━━━━━ Material for this task ━━━━━

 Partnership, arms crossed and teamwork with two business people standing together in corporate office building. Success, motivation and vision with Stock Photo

━━━━━
━━━━━ Material for this task ━━━━━

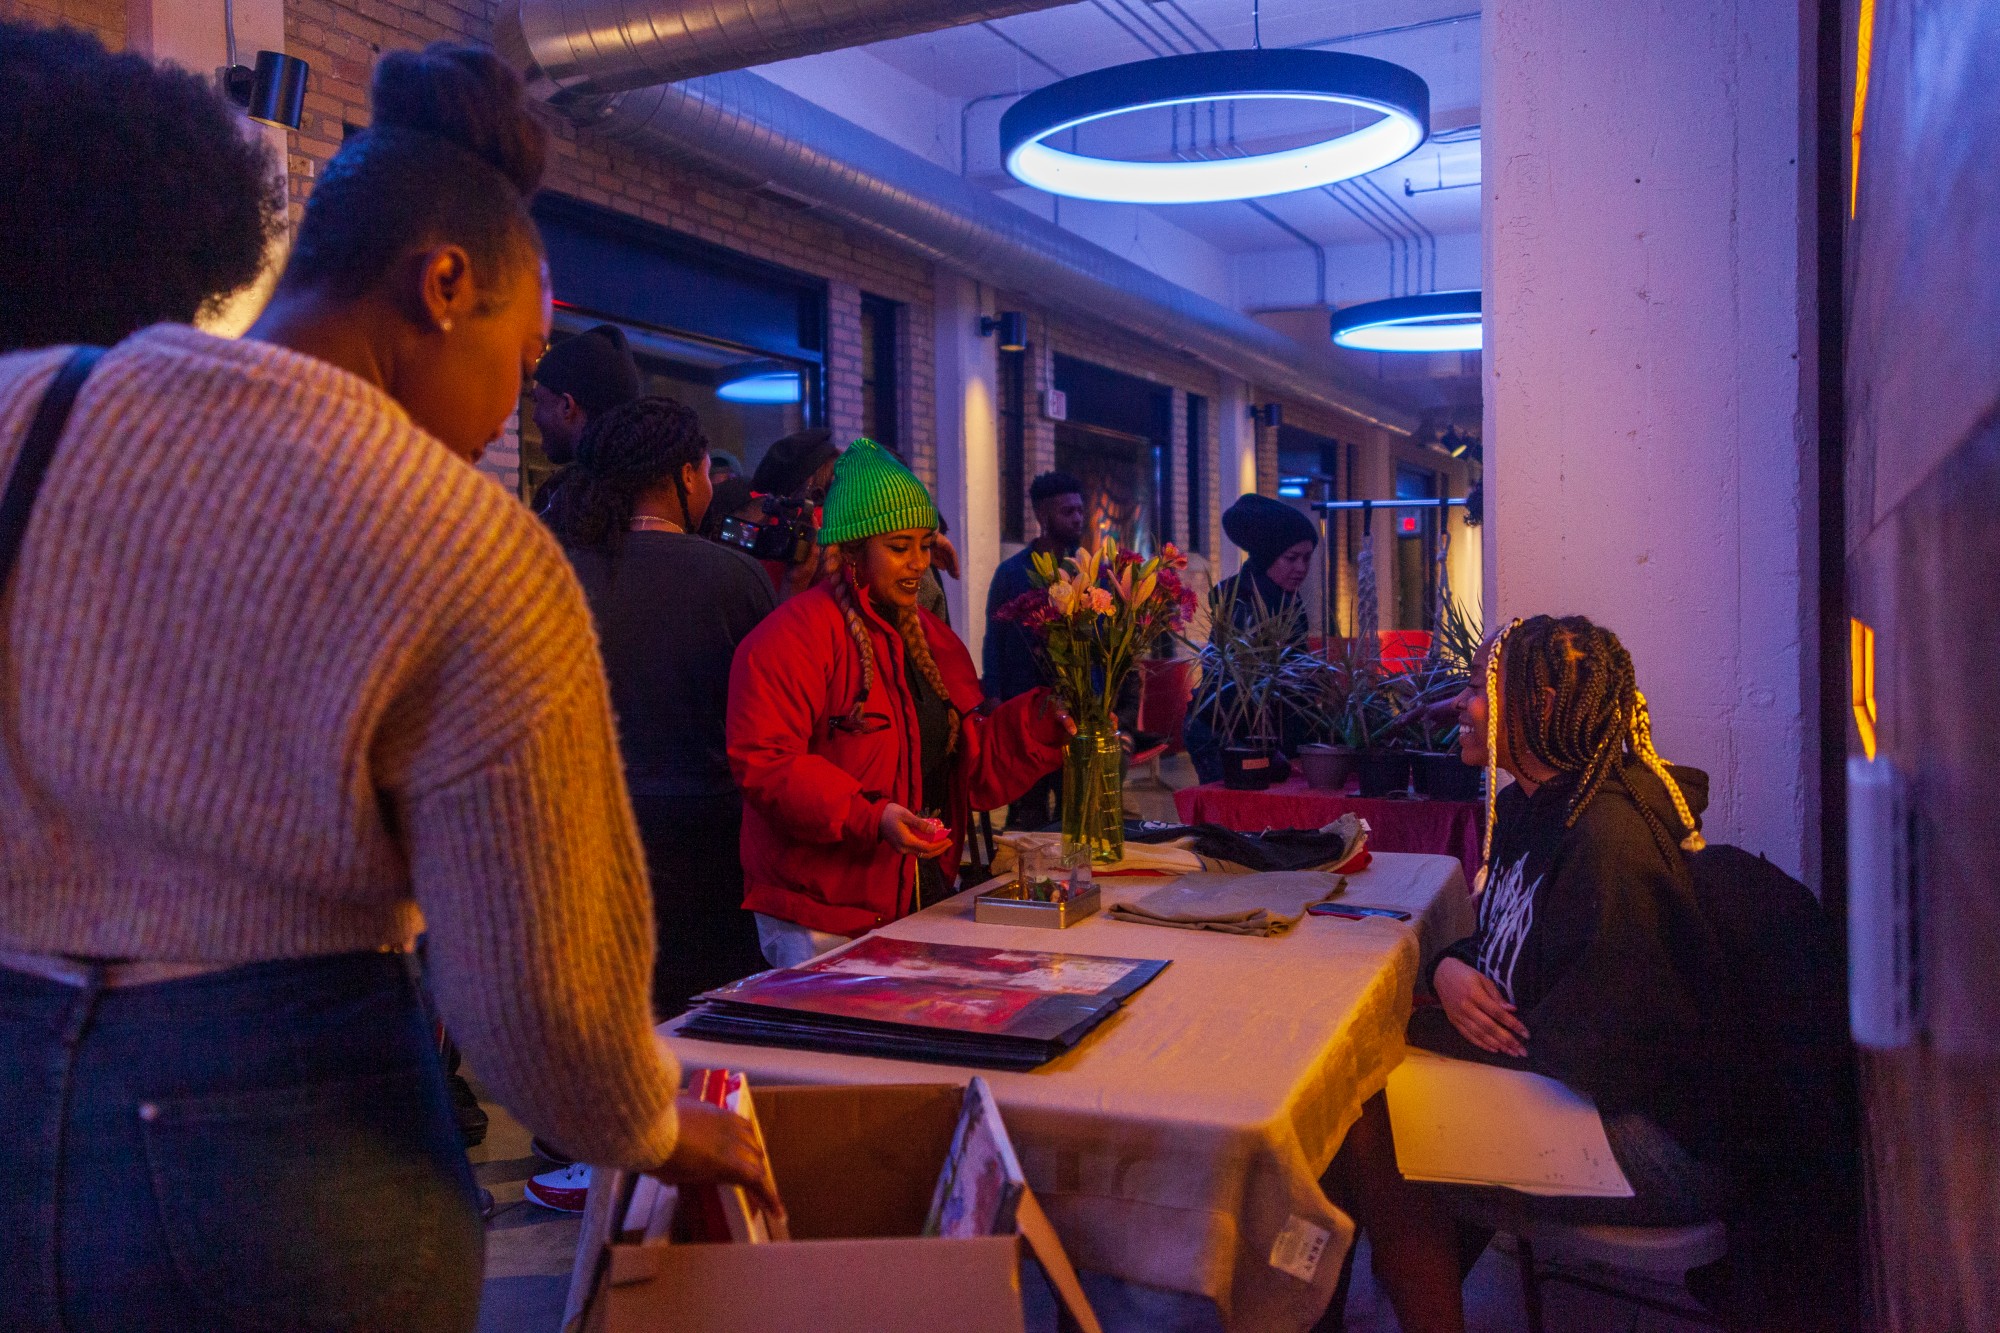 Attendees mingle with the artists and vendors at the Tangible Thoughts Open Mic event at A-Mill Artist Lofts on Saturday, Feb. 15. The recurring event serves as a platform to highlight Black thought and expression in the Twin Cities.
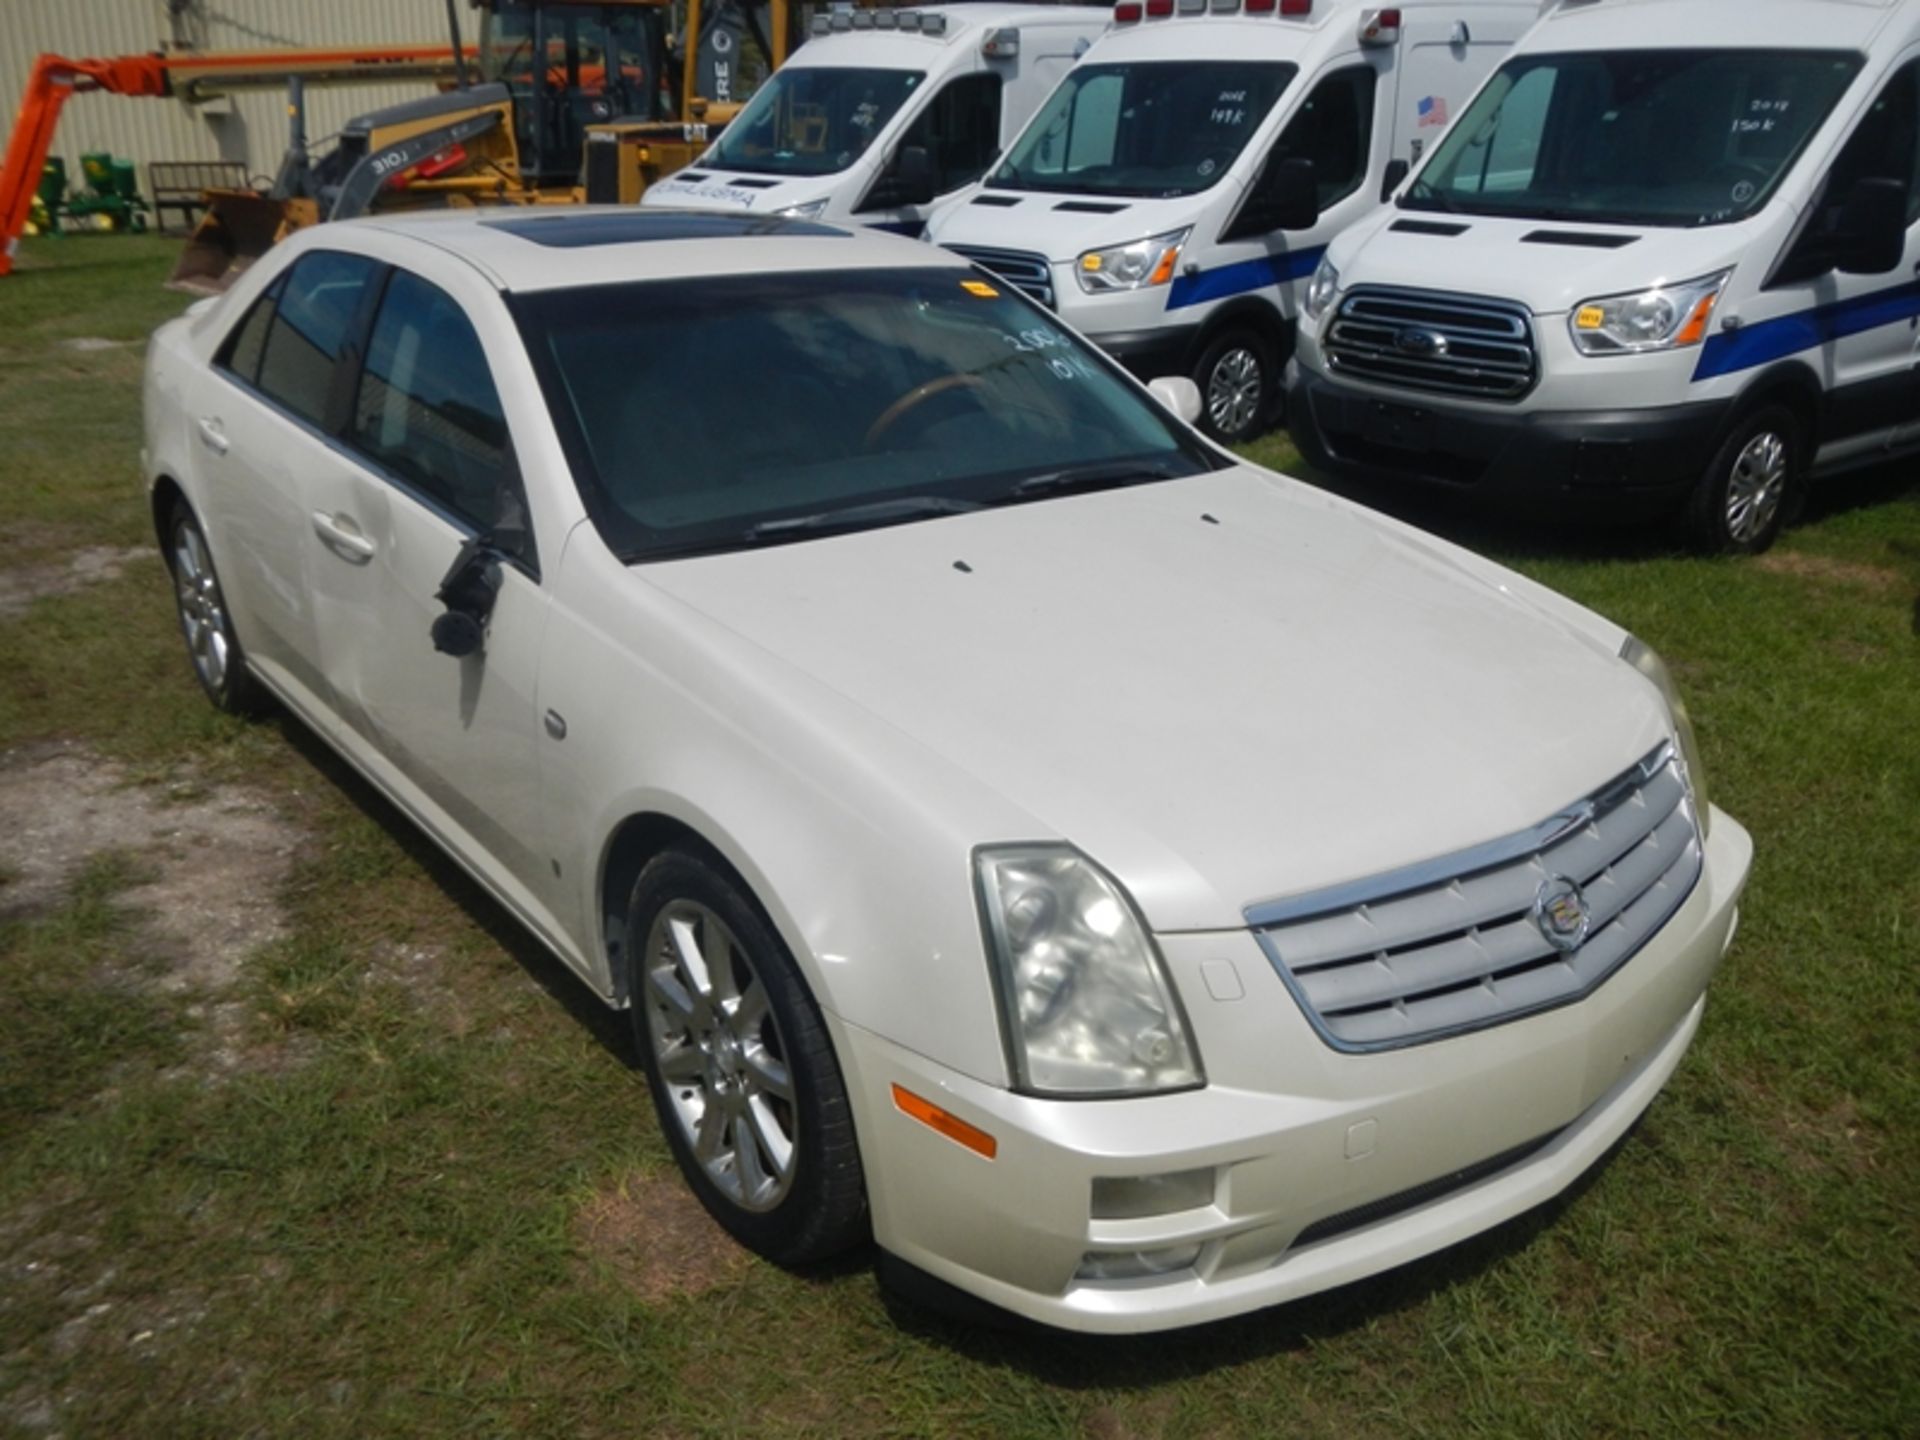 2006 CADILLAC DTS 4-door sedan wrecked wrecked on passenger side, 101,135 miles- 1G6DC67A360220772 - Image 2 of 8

━━━━━

## Problem requirements:
Each line above starting at the one holding "Attendees mingle with" and ending at the one holding "2006 CADILLAC DTS" should be set down exactly as it stands, both ends included, with no pictures.

## Completed task:
 Attendees mingle with the artists and vendors at the Tangible Thoughts Open Mic event at A-Mill Artist Lofts on Saturday, Feb. 15. The recurring event serves as a platform to highlight Black thought and expression in the Twin Cities.
 2006 CADILLAC DTS 4-door sedan wrecked wrecked on passenger side, 101,135 miles- 1G6DC67A360220772 - Image 2 of 8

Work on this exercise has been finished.